Extracted records:
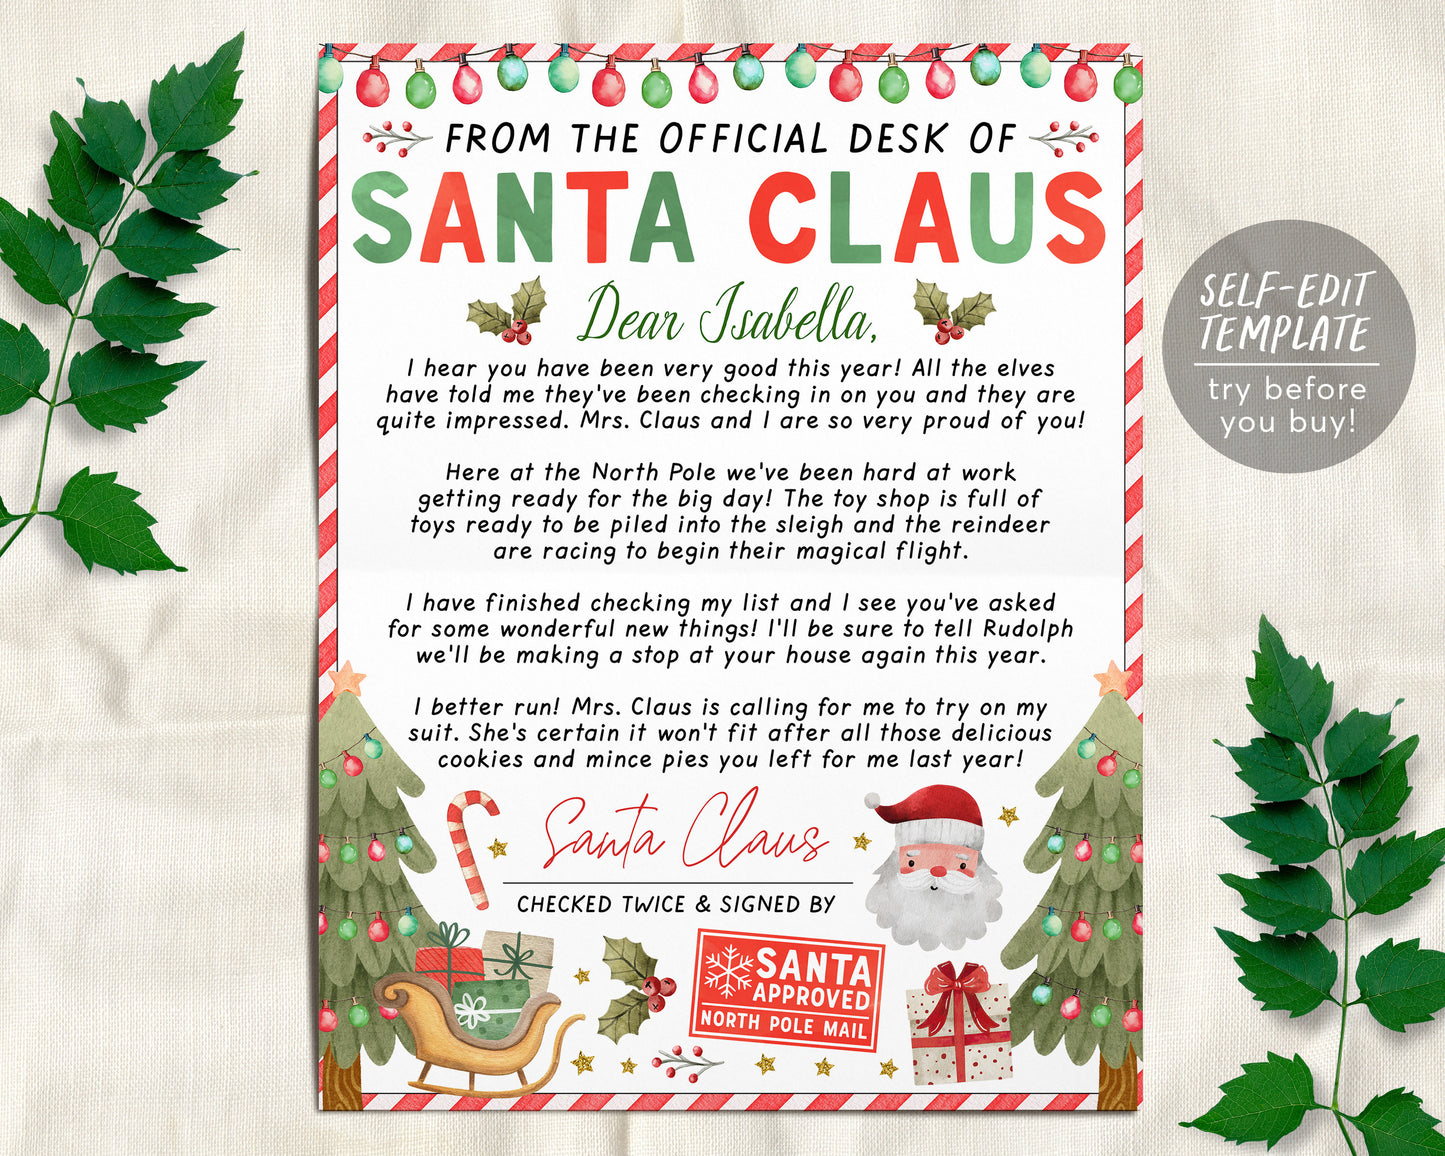 Santa Claus Letter Editable Template, Customized From The Official Des ...
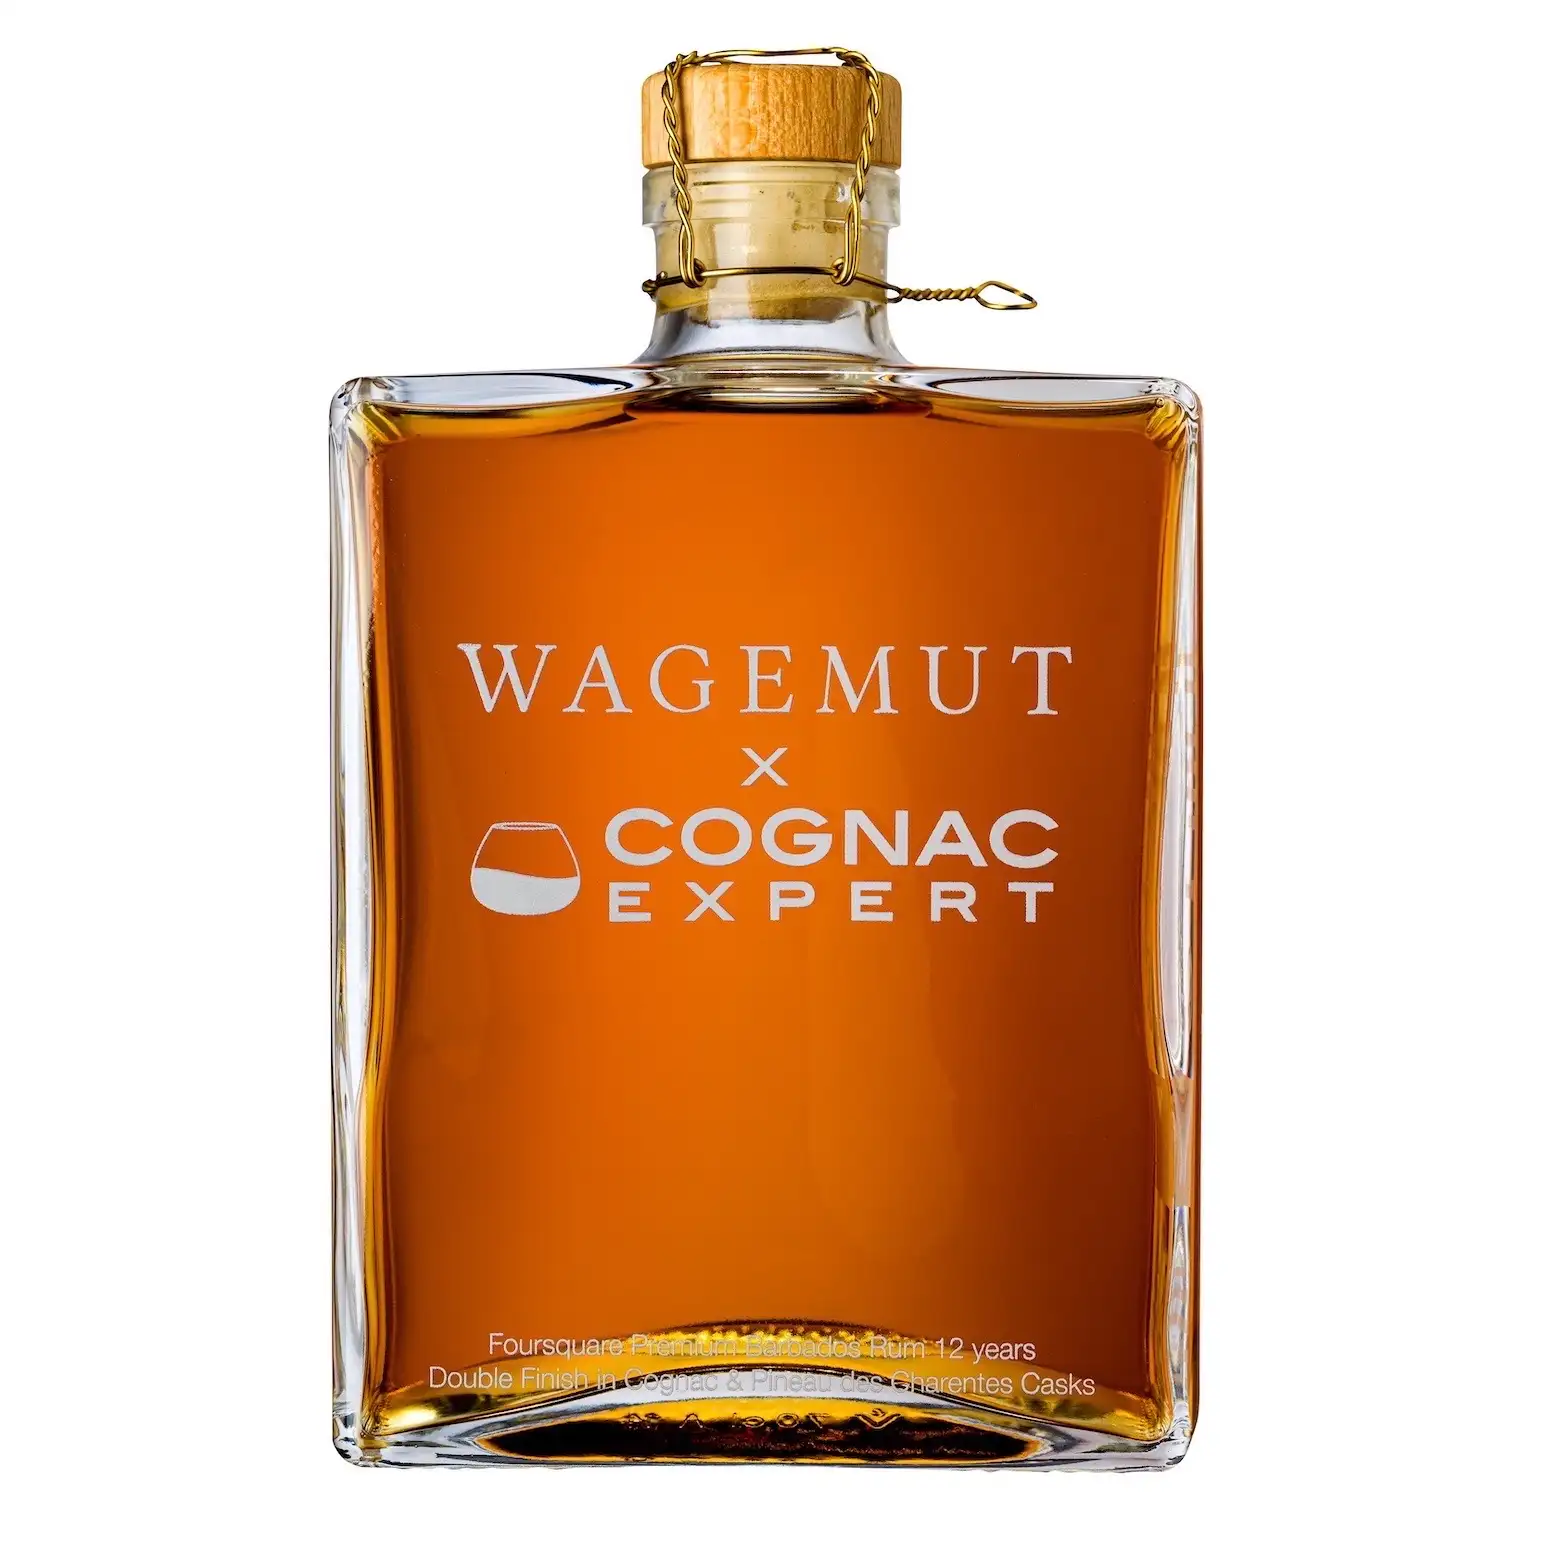 Image of the front of the bottle of the rum Wagemut x Cognac Expert
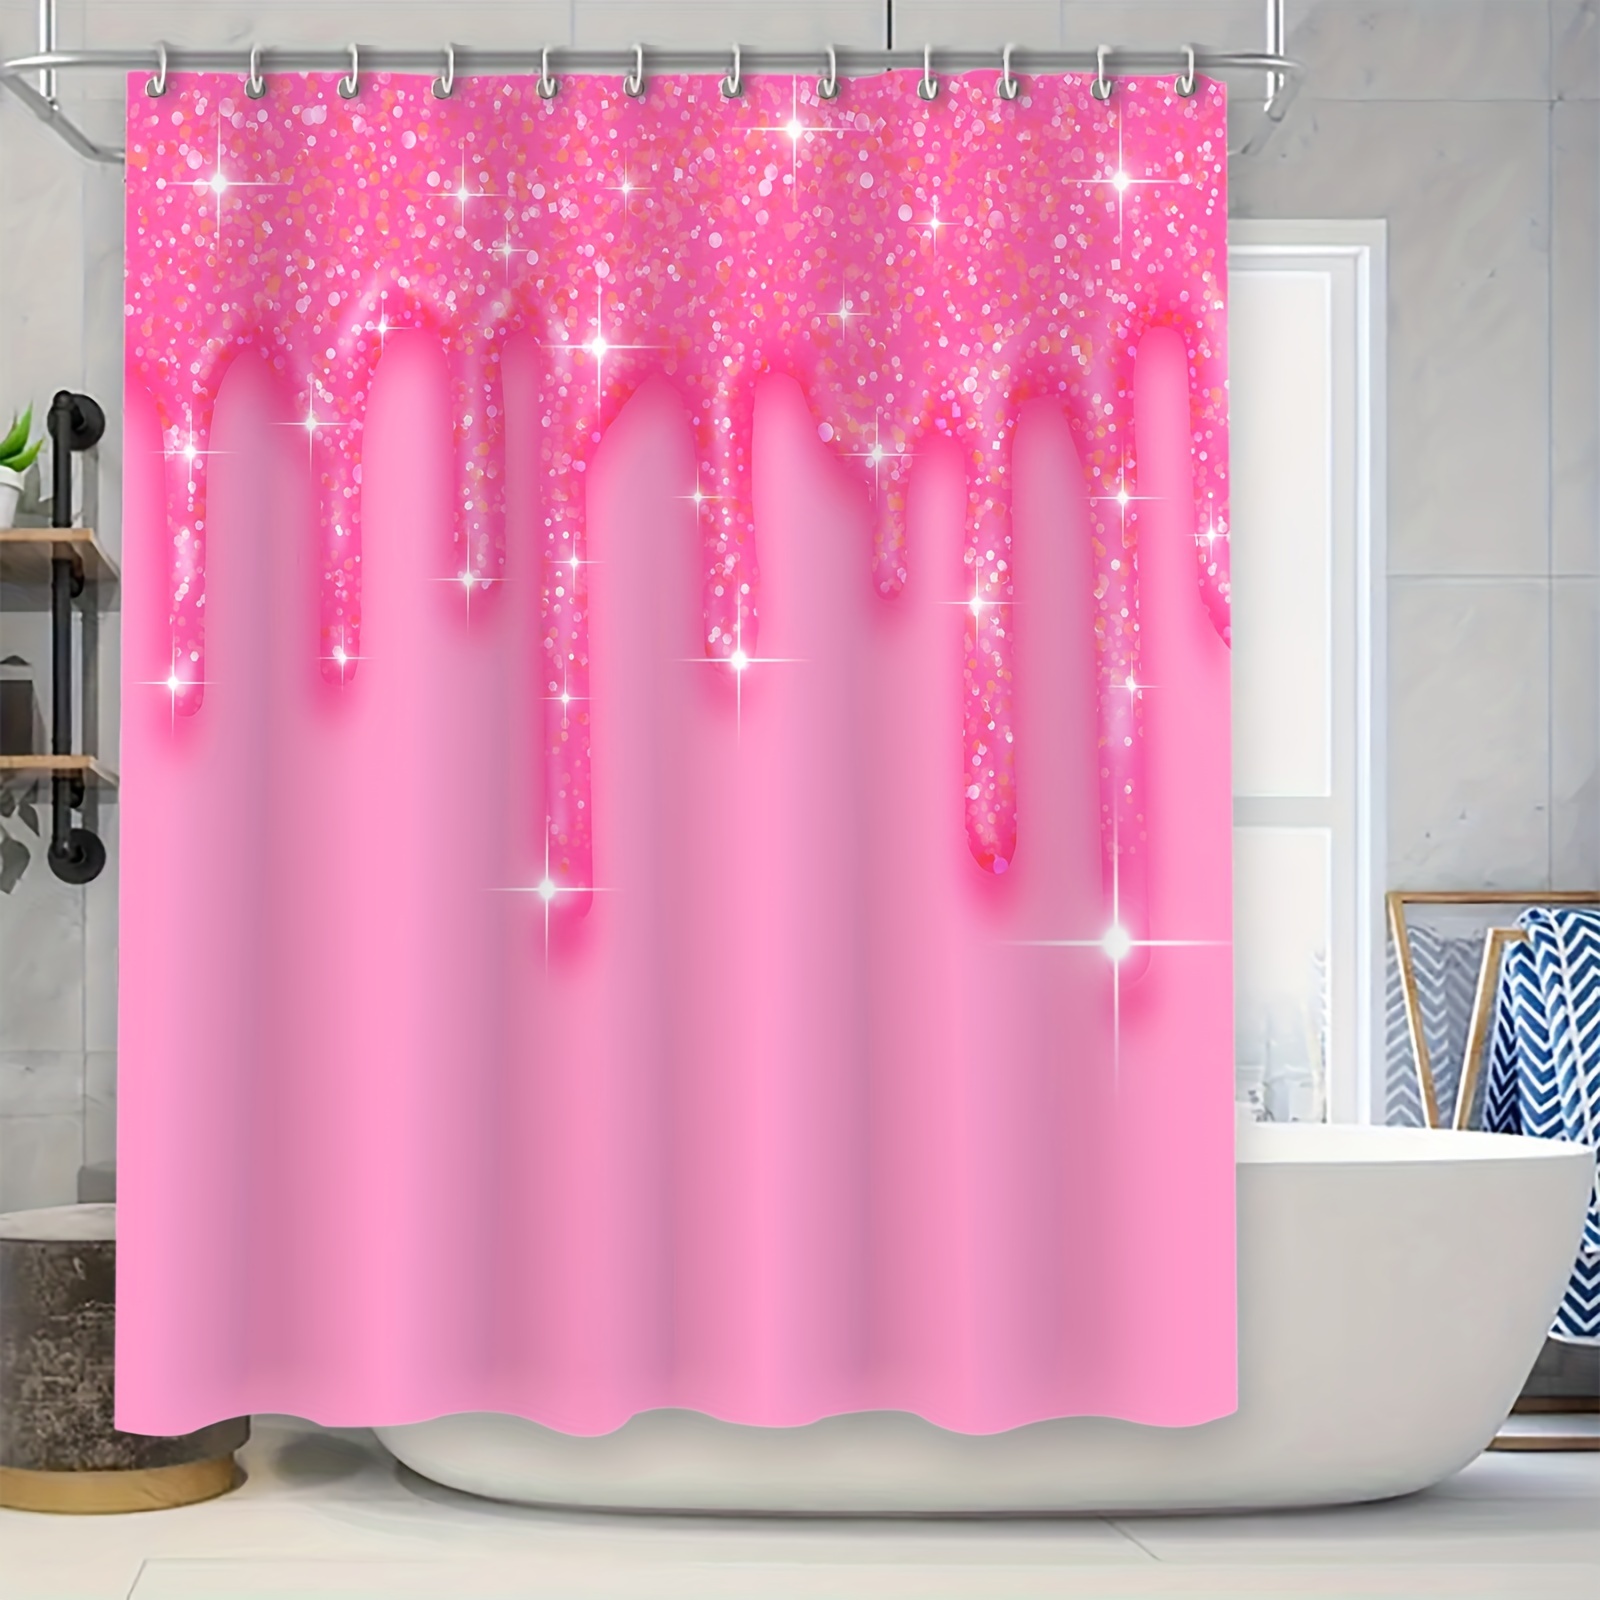 

Fashionable Pink Crystal Diamond Shower Curtain Set With 12 Hooks, Water-resistant Polyester Fabric, 70.8"x70.8", Machine Washable, Mold-resistant Bath Partition For Home Bathroom Decor
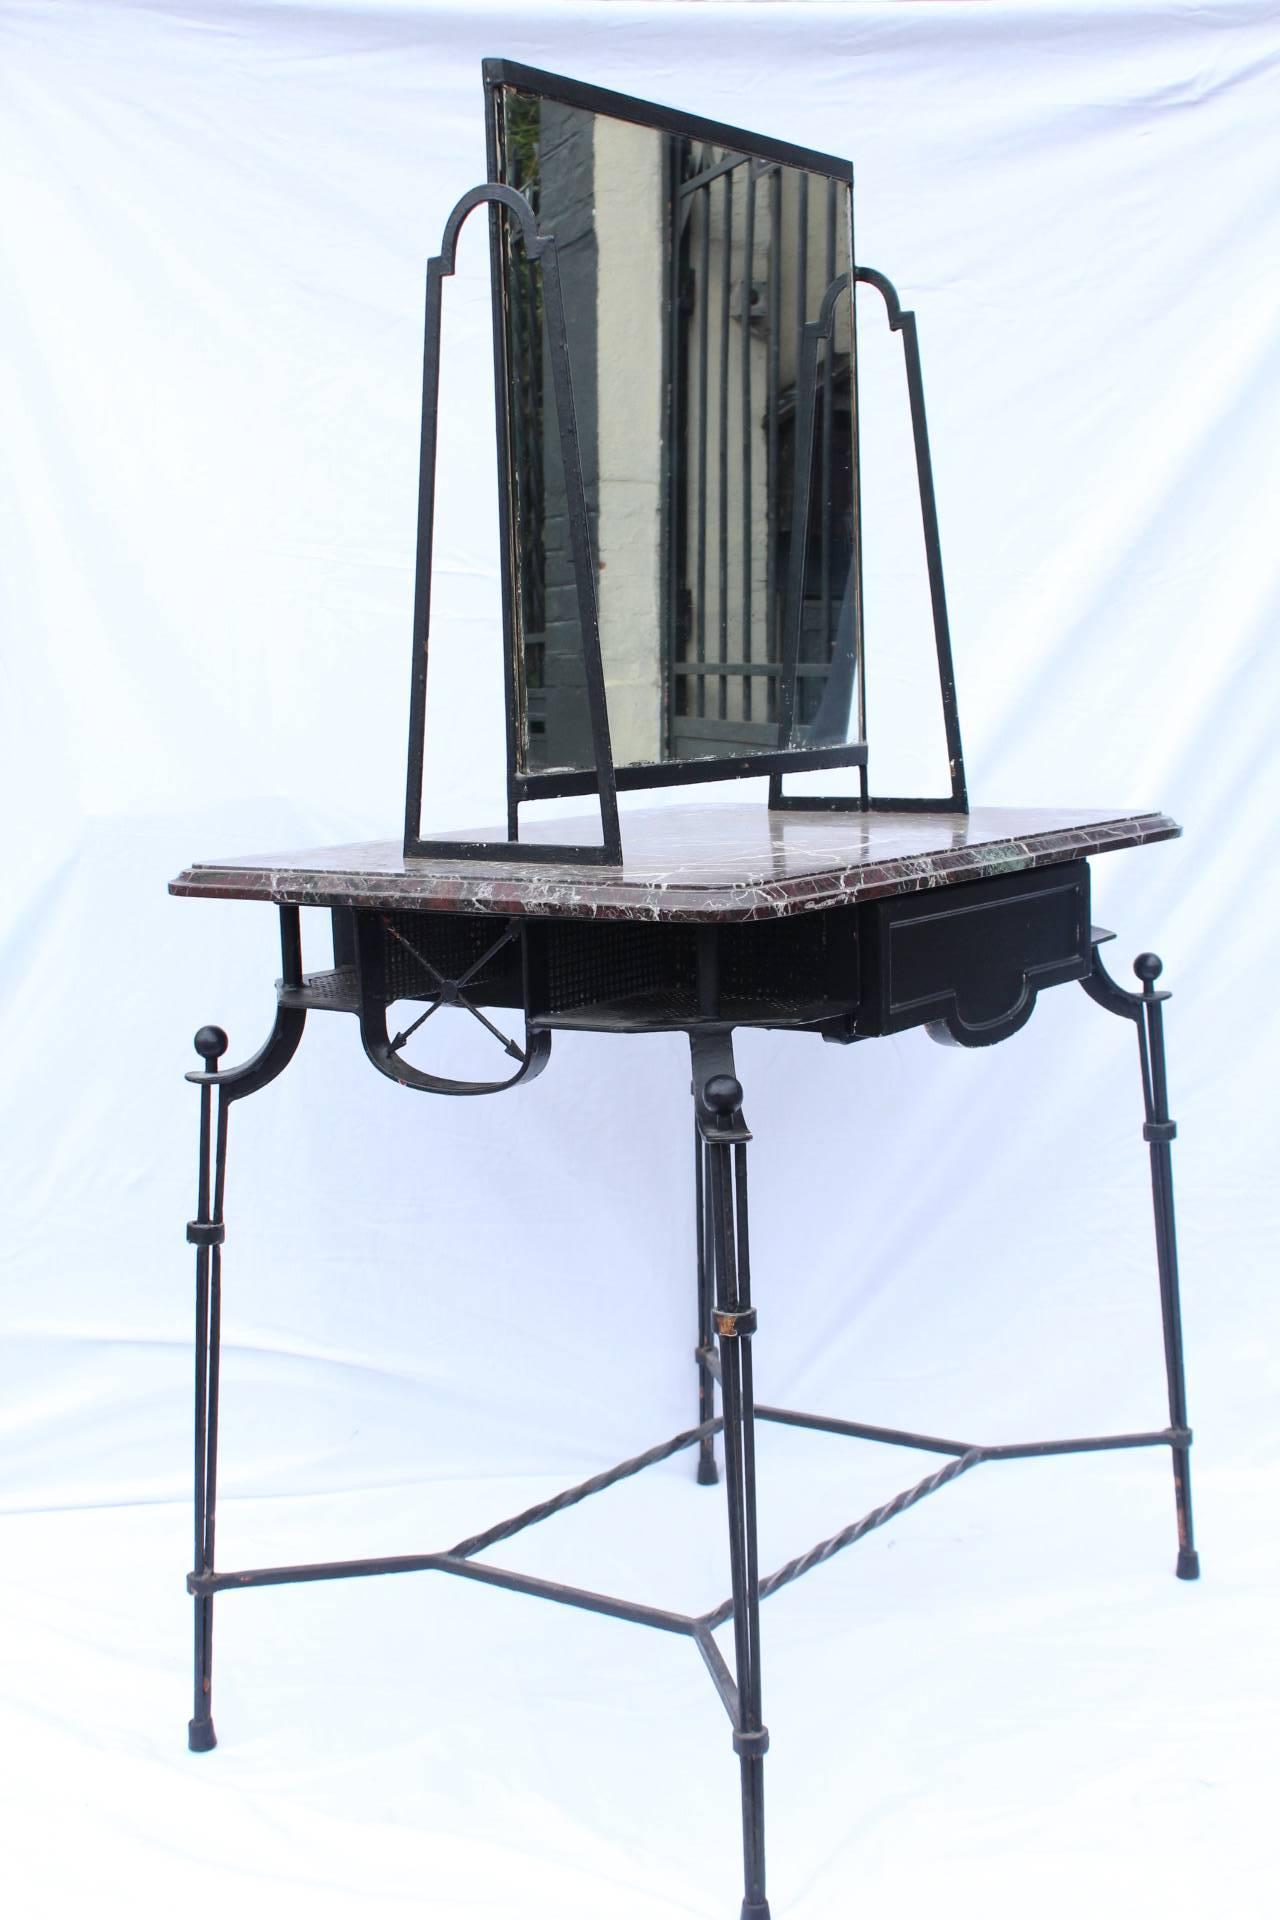 This double-sided hairdresser was made in France during the 1940's. 
The work on the metal and the decorative details, such as the arrows and the design of the base are very fine and typical from the period. The marble gives an elegant touch. 
A

• **ASSIGNED TASK**
An exact restatement is expected of the lines from the line containing "Image of the" to the end of the data above, pictures excluded.

• **RESULT OF THIS EXERCISE**
 Image of the front of the bottle of the rum Wagemut x Cognac Expert

Fashionable Pink Crystal Diamond Shower Curtain Set With 12 Hooks, Water-resistant Polyester Fabric, 70.8"x70.8", Machine Washable, Mold-resistant Bath Partition For Home Bathroom Decor
 This double-sided hairdresser was made in France during the 1940's. 
The work on the metal and the decorative details, such as the arrows and the design of the base are very fine and typical from the period. The marble gives an elegant touch. 
A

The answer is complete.